■ **INFORMATION PROVIDED**
▬▬▬▬▬▬▬▬▬▬
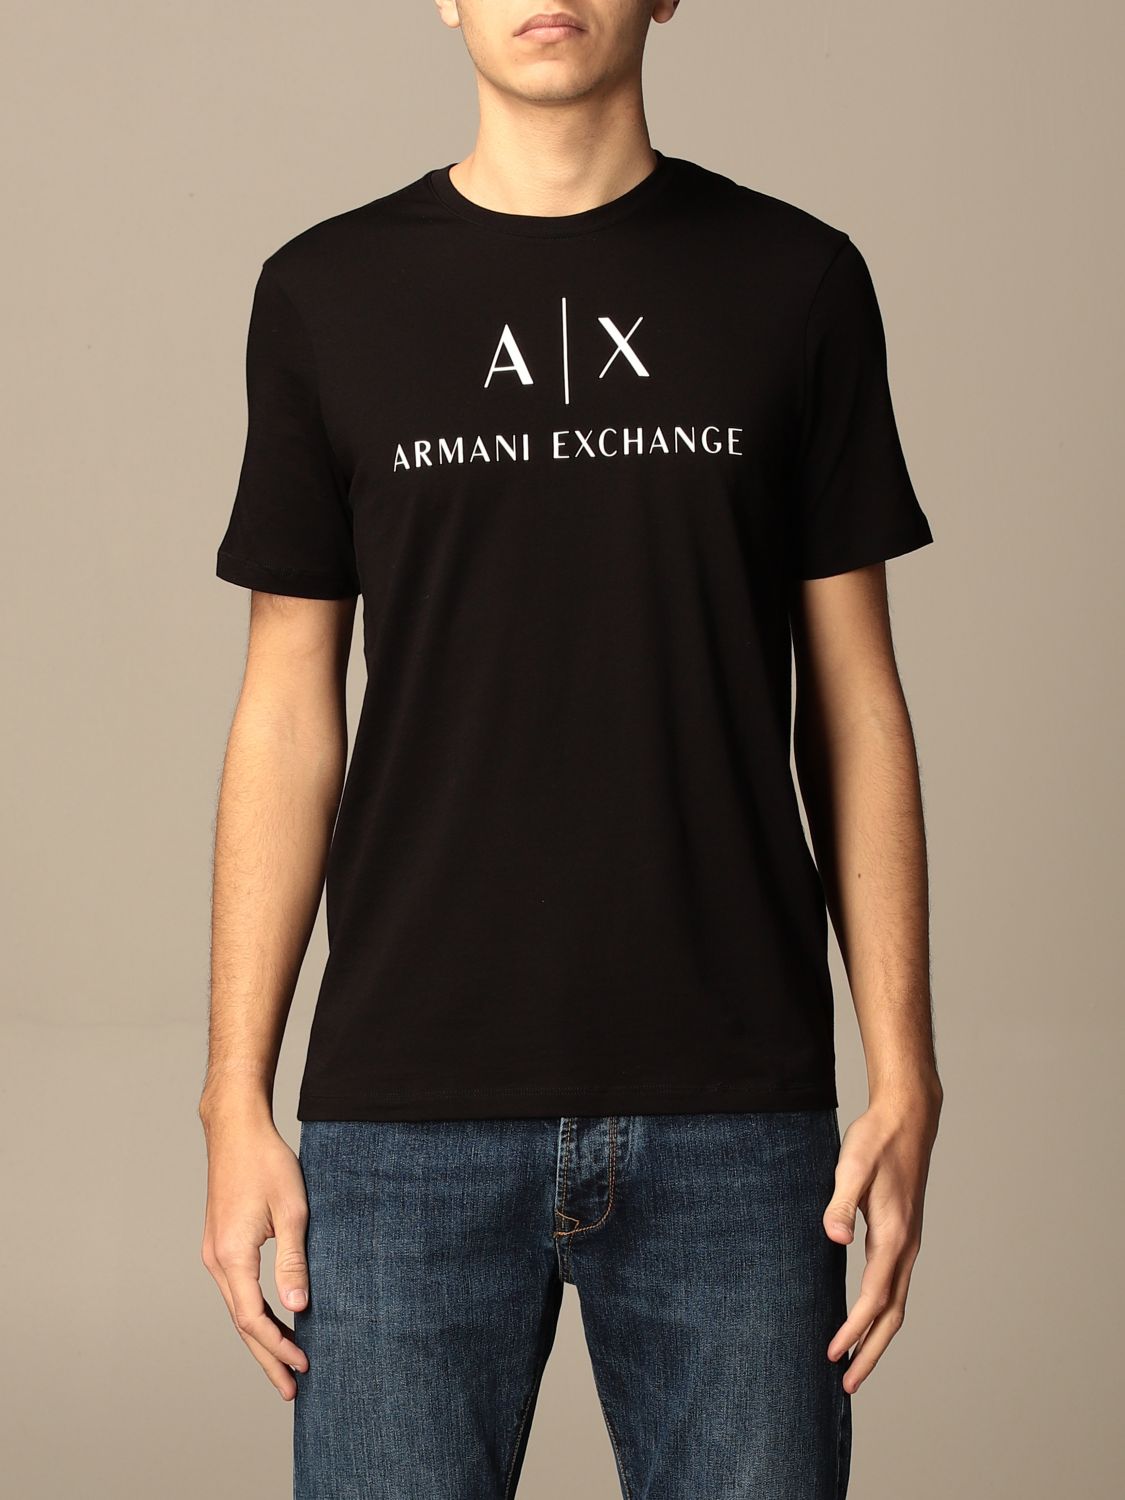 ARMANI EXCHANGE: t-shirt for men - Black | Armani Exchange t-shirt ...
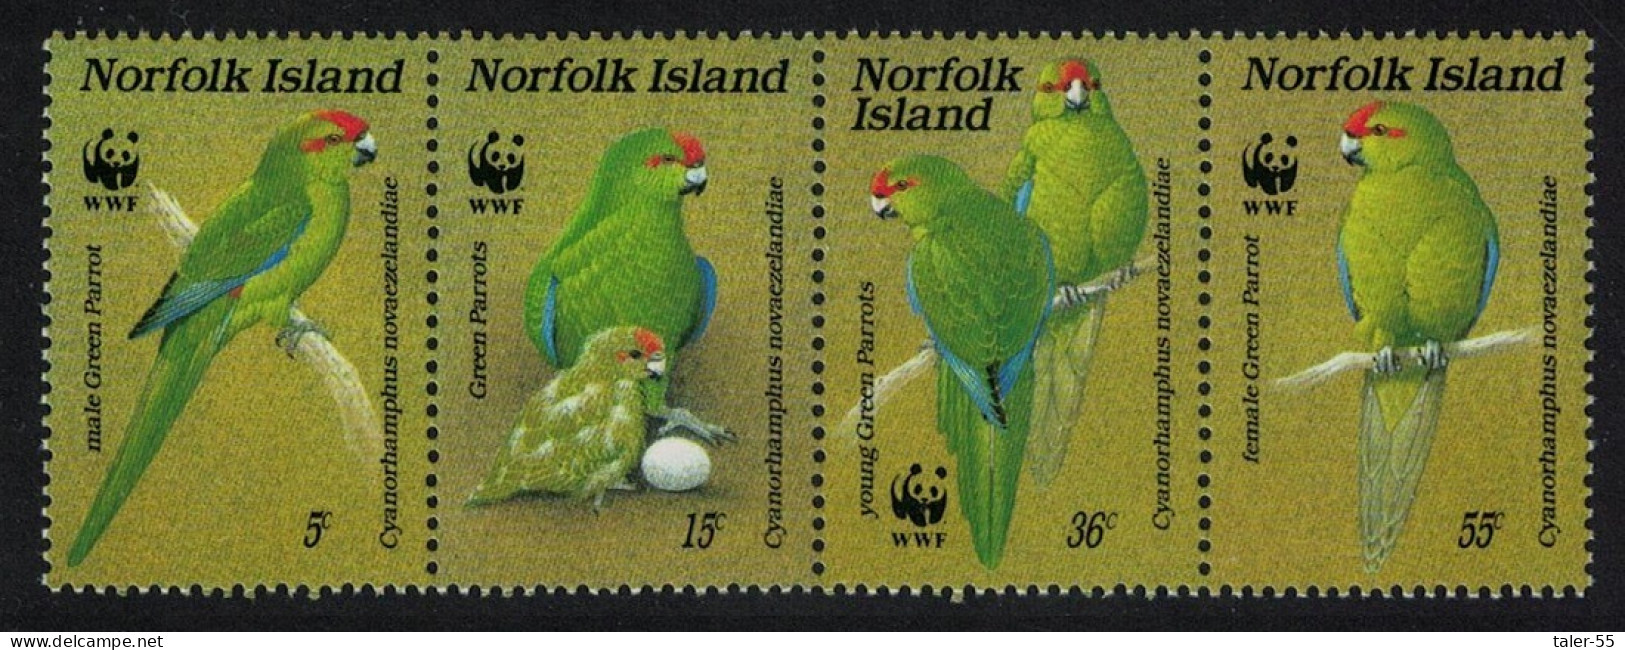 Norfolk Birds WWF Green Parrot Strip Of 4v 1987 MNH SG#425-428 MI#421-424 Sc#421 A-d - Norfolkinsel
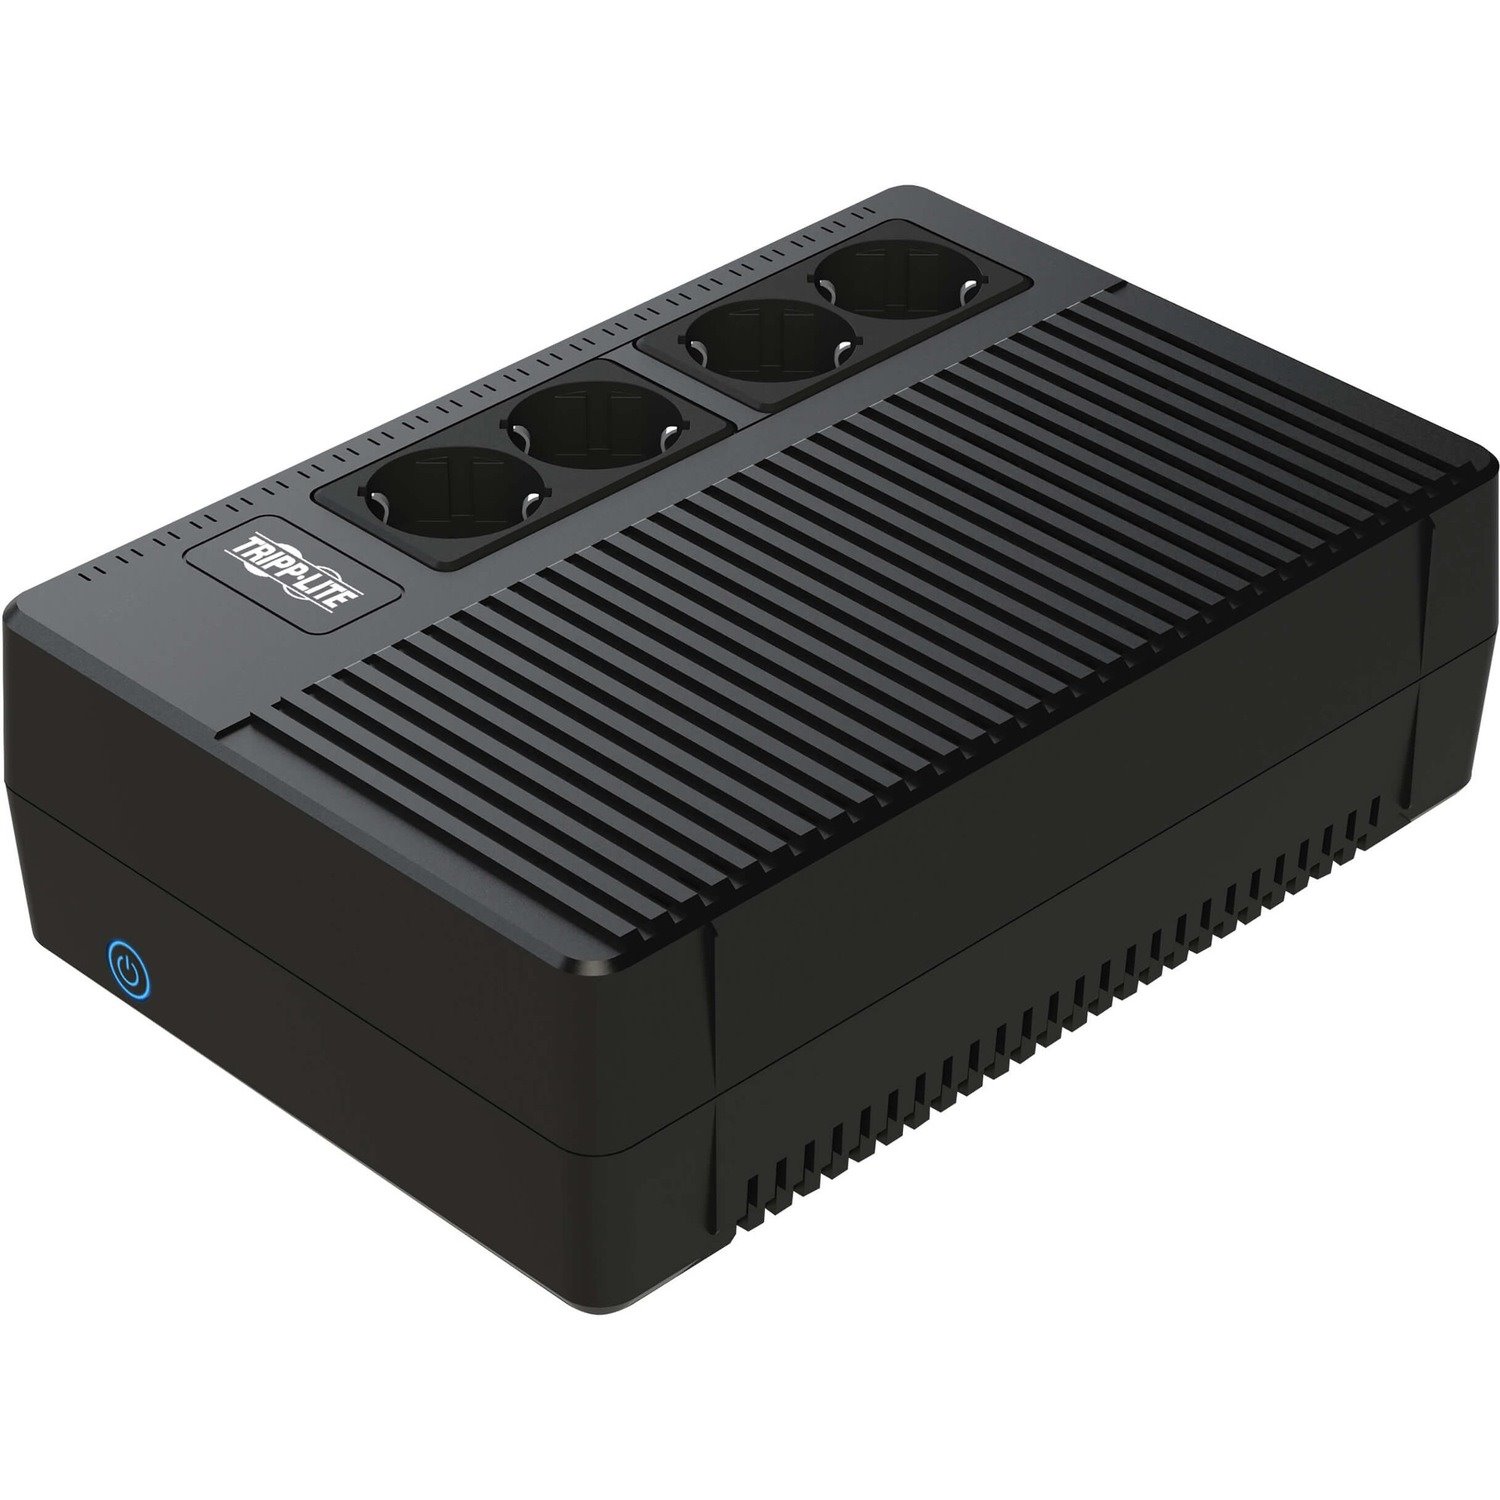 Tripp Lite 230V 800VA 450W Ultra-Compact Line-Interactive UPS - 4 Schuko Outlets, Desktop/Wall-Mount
▬▬▬▬▬▬▬▬▬▬
■ **TASK DESCRIPTION**
Nothing but the lines from the one containing "Norfolk Birds WWF" through the end of the listing is to be output, and those lines are to be output exactly, pictures excluded.

■ **SOLUTION**
 Norfolk Birds WWF Green Parrot Strip Of 4v 1987 MNH SG#425-428 MI#421-424 Sc#421 A-d - Norfolkinsel
 Tripp Lite 230V 800VA 450W Ultra-Compact Line-Interactive UPS - 4 Schuko Outlets, Desktop/Wall-Mount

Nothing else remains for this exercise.